Provided data:
▬▬▬▬▬▬

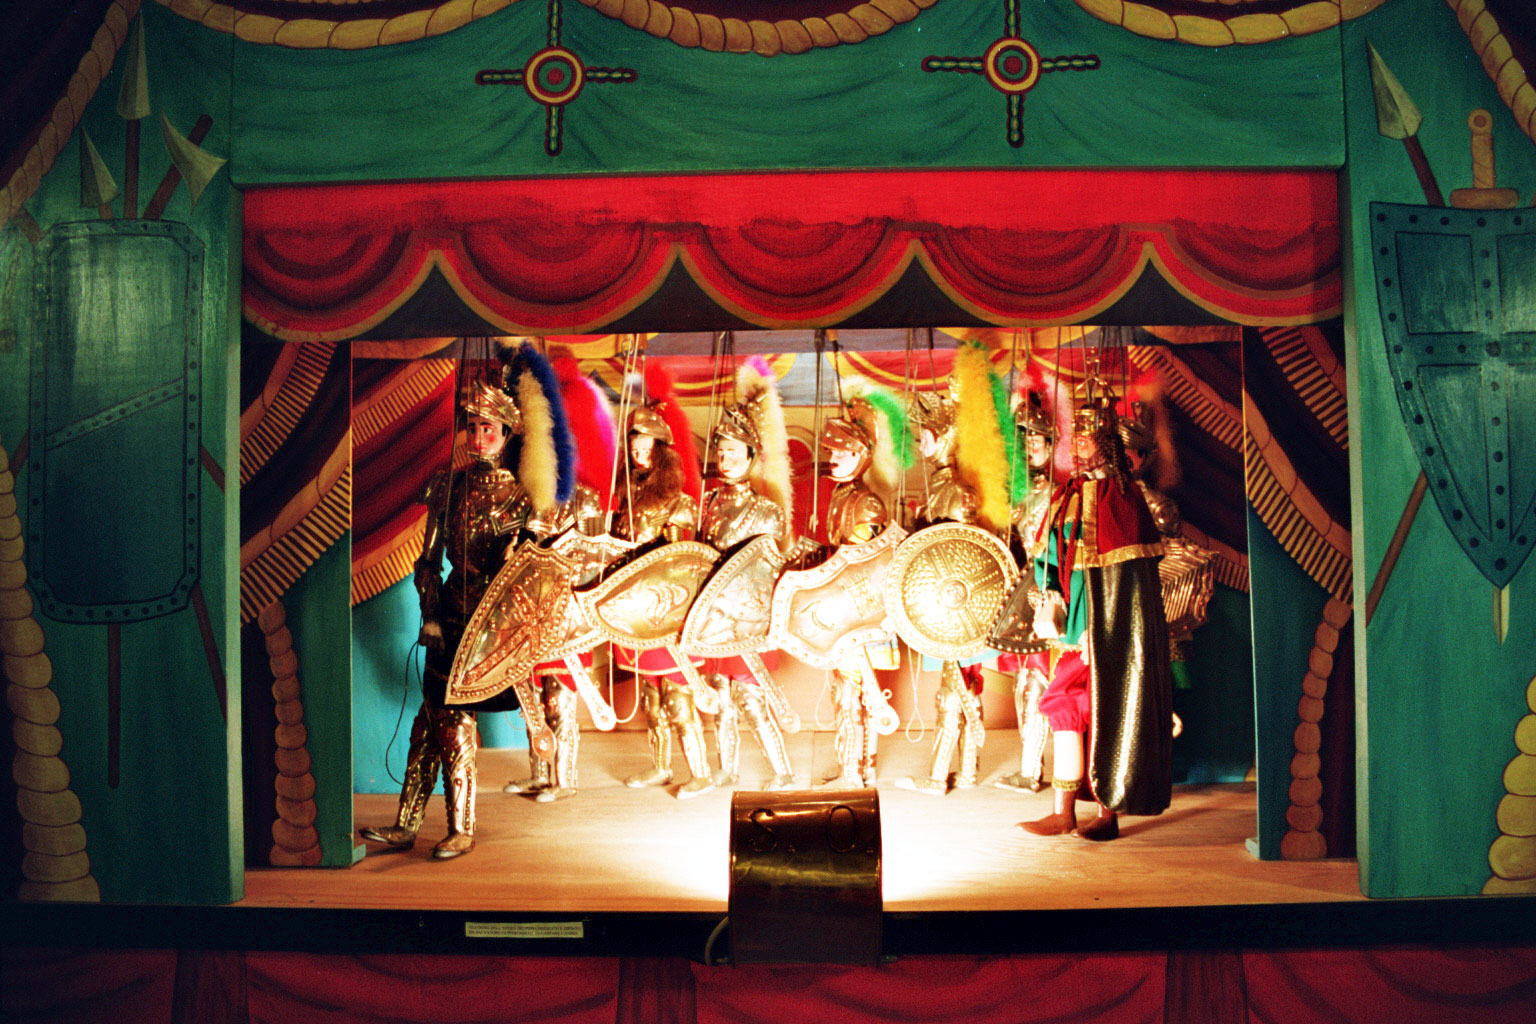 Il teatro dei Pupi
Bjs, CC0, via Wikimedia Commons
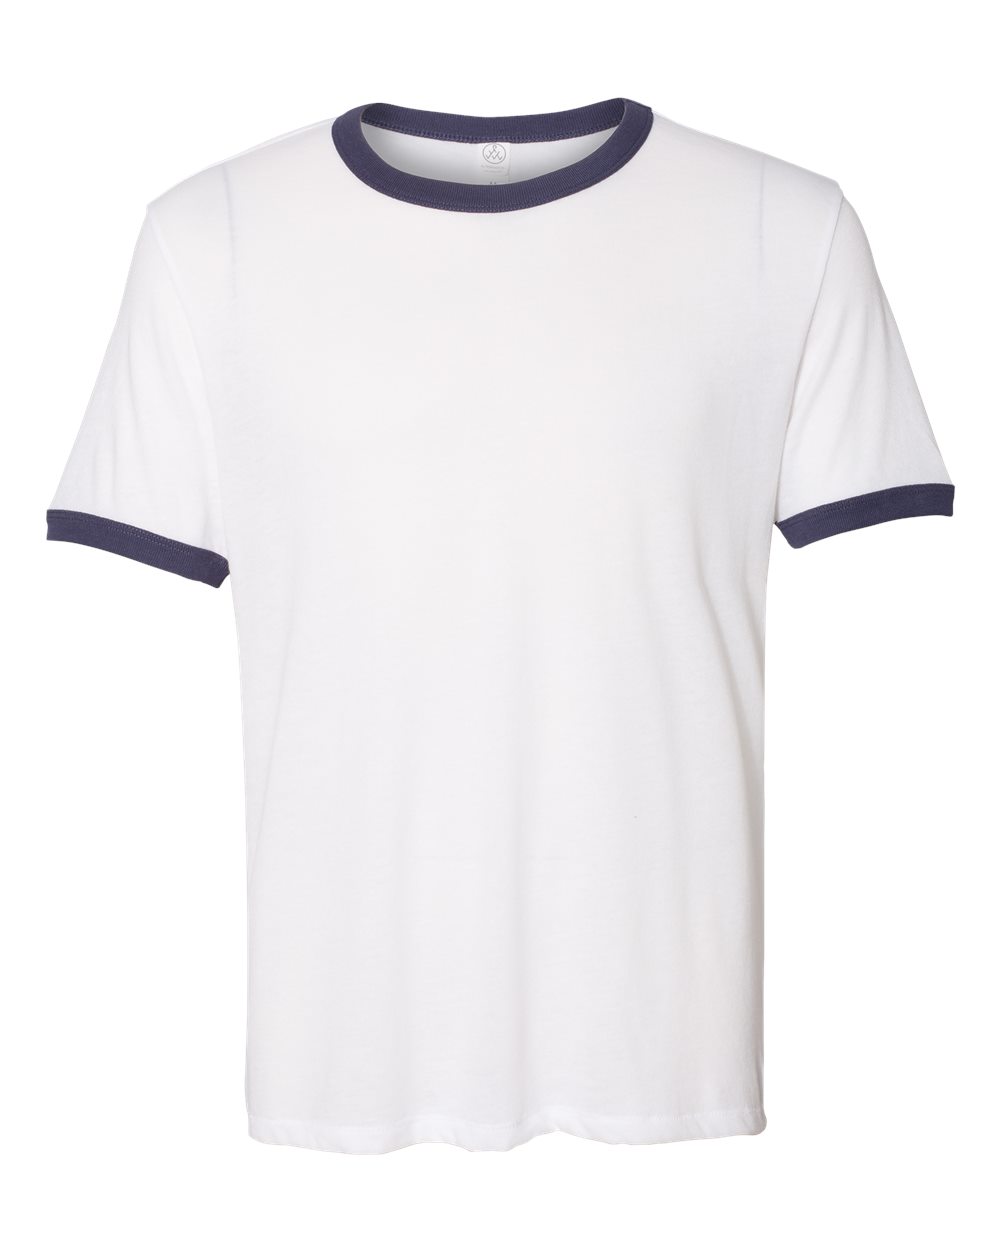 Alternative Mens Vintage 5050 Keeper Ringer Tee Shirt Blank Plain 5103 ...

▬▬▬▬▬▬

Exercise: Repeat the data above exactly; images are not part of the copy.

Result of this task:
 Il teatro dei Pupi
Bjs, CC0, via Wikimedia Commons
 Alternative Mens Vintage 5050 Keeper Ringer Tee Shirt Blank Plain 5103 ...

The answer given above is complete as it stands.